§ **Task instructions**: The data below contains pictures, which are to be skipped; the lines starting at the line with "Taupenot-Merme - Saint" and ending at the line with "Le bois peuplier" are to be output exactly, both ends included.

§ **Data provided**:
┌──

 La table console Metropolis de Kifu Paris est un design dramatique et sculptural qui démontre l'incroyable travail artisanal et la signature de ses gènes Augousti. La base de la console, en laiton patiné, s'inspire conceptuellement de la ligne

└──
┌──

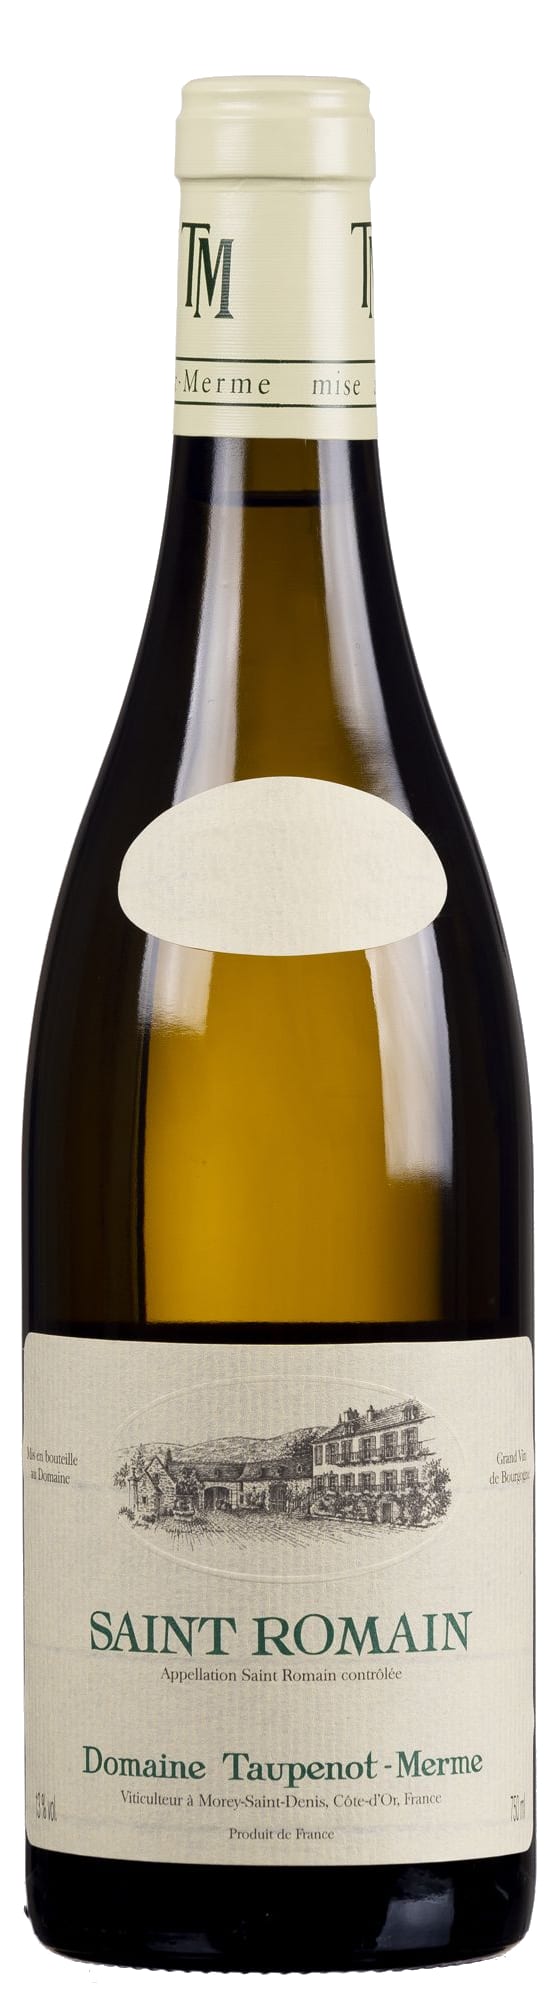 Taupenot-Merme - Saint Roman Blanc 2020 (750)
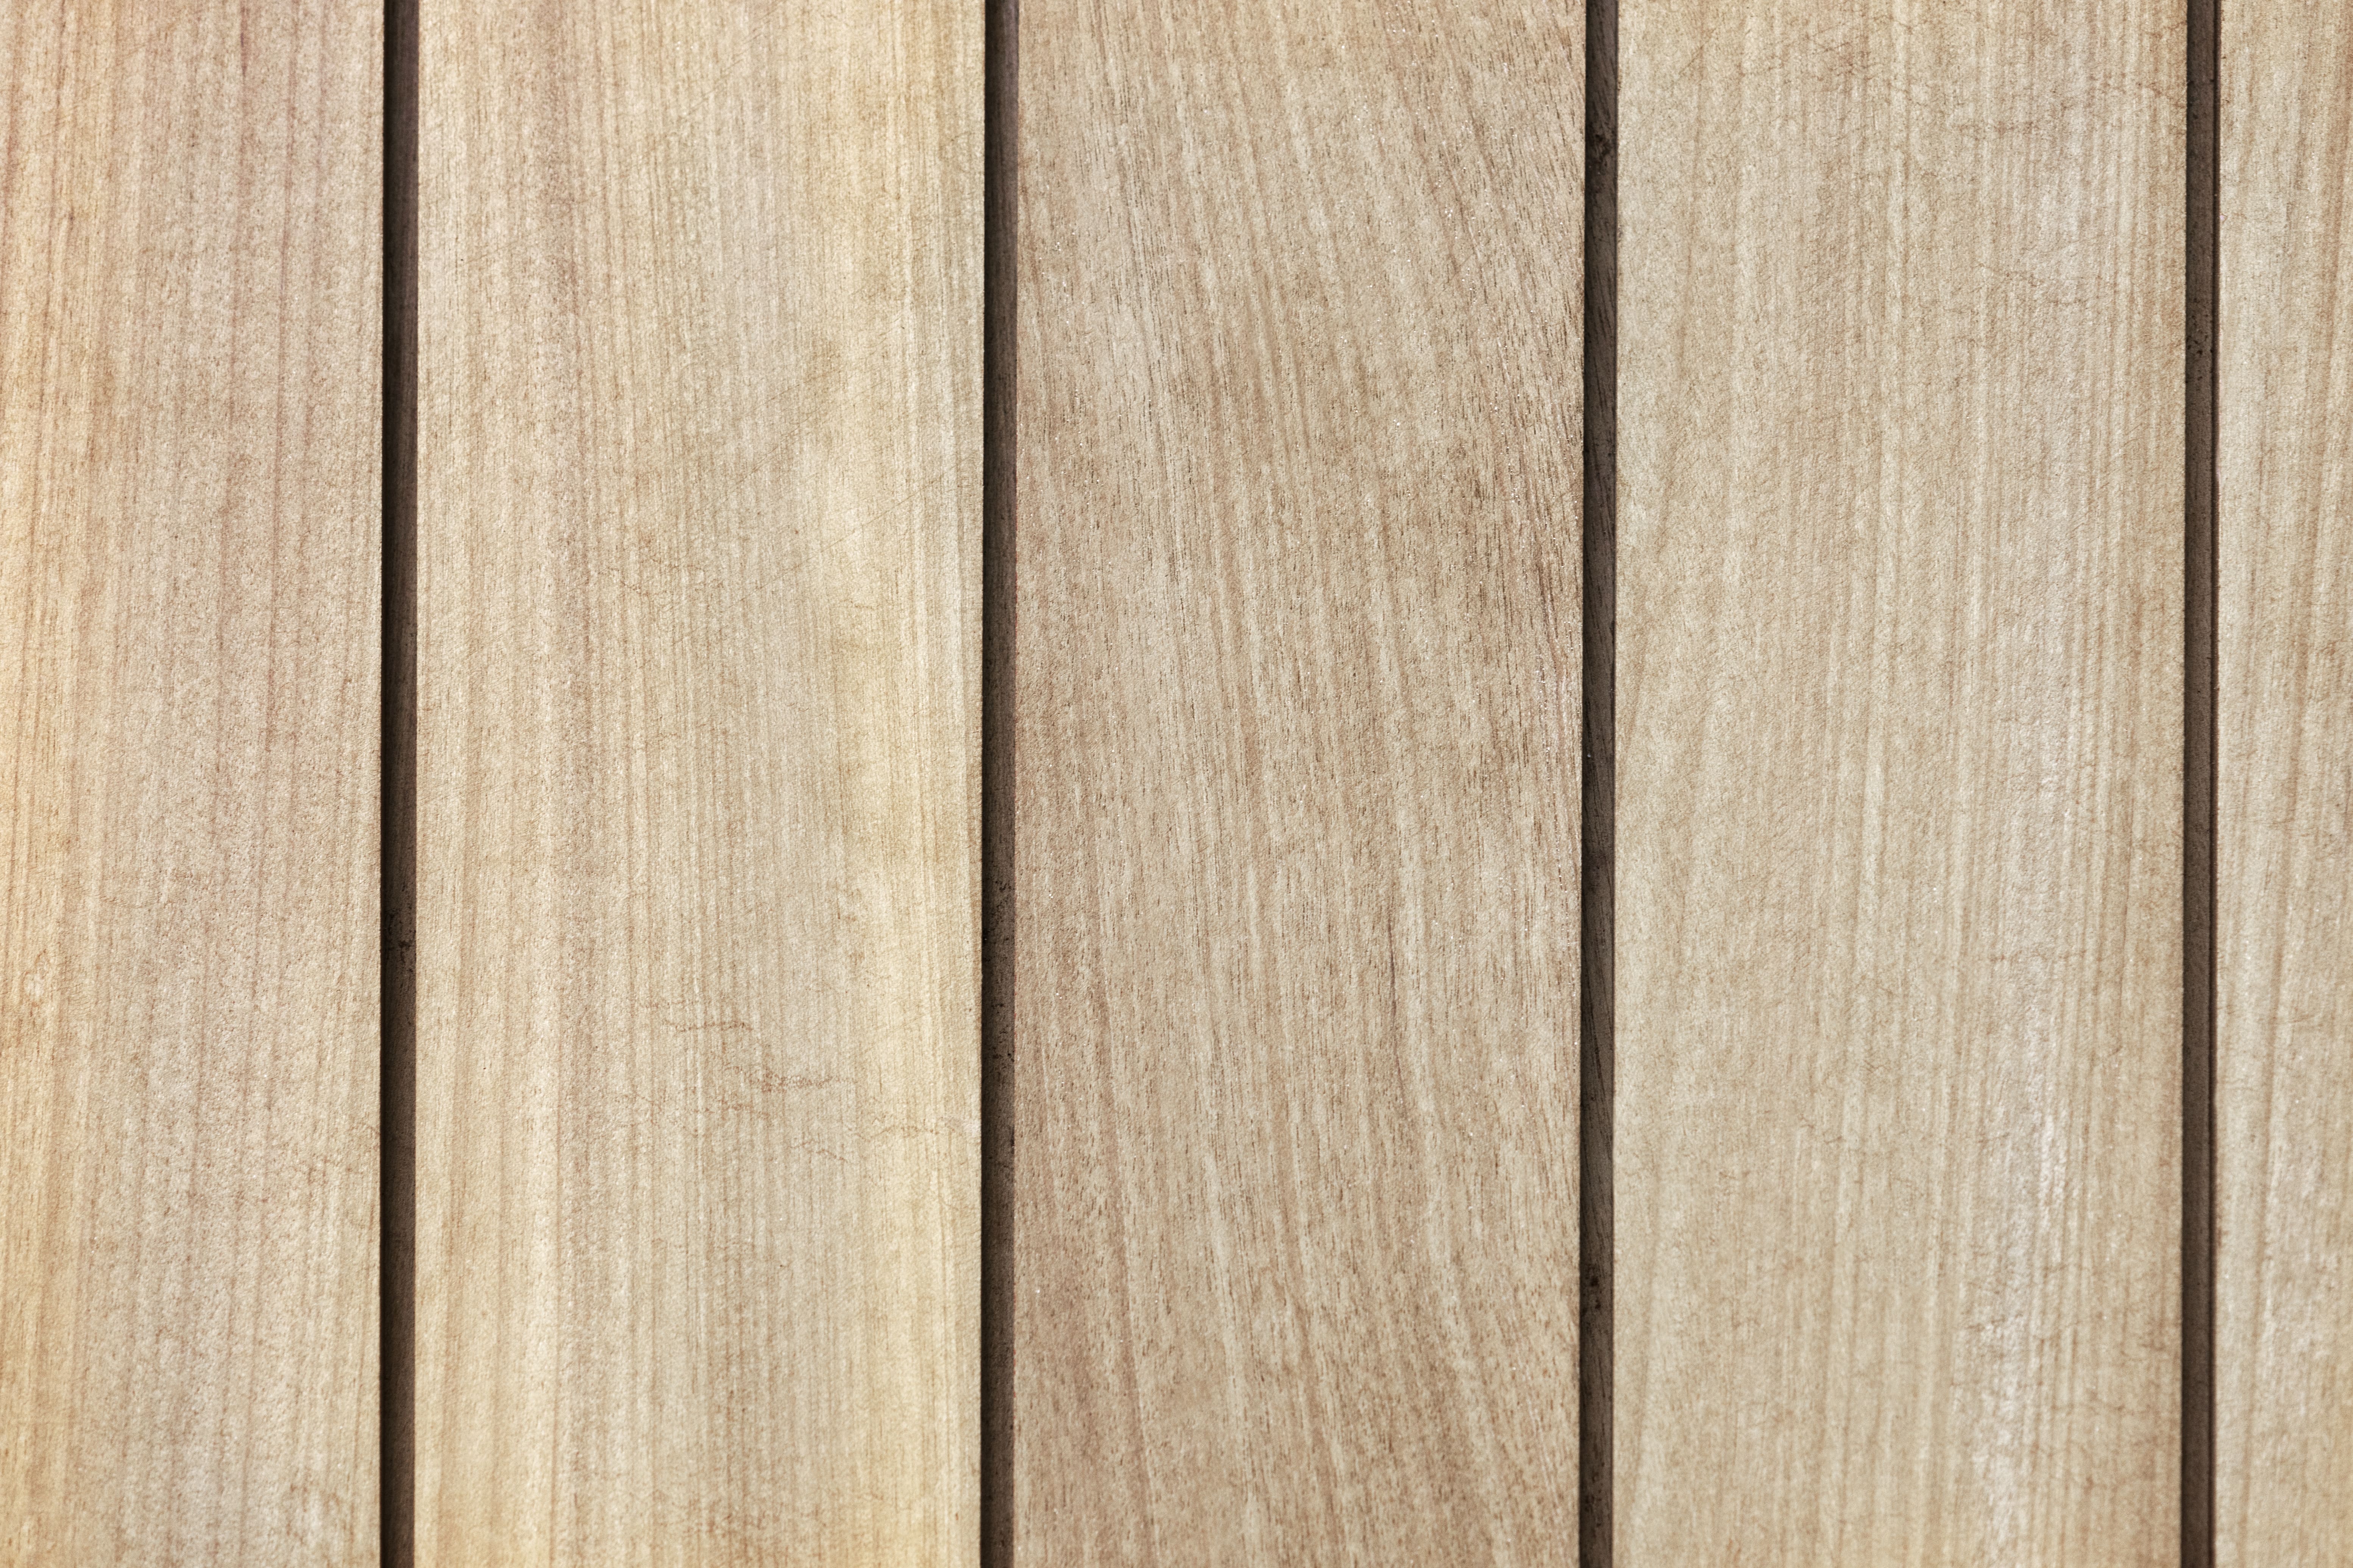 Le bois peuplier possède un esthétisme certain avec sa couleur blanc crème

└──

§ **The completed task**:
 Taupenot-Merme - Saint Roman Blanc 2020 (750)
 Le bois peuplier possède un esthétisme certain avec sa couleur blanc crème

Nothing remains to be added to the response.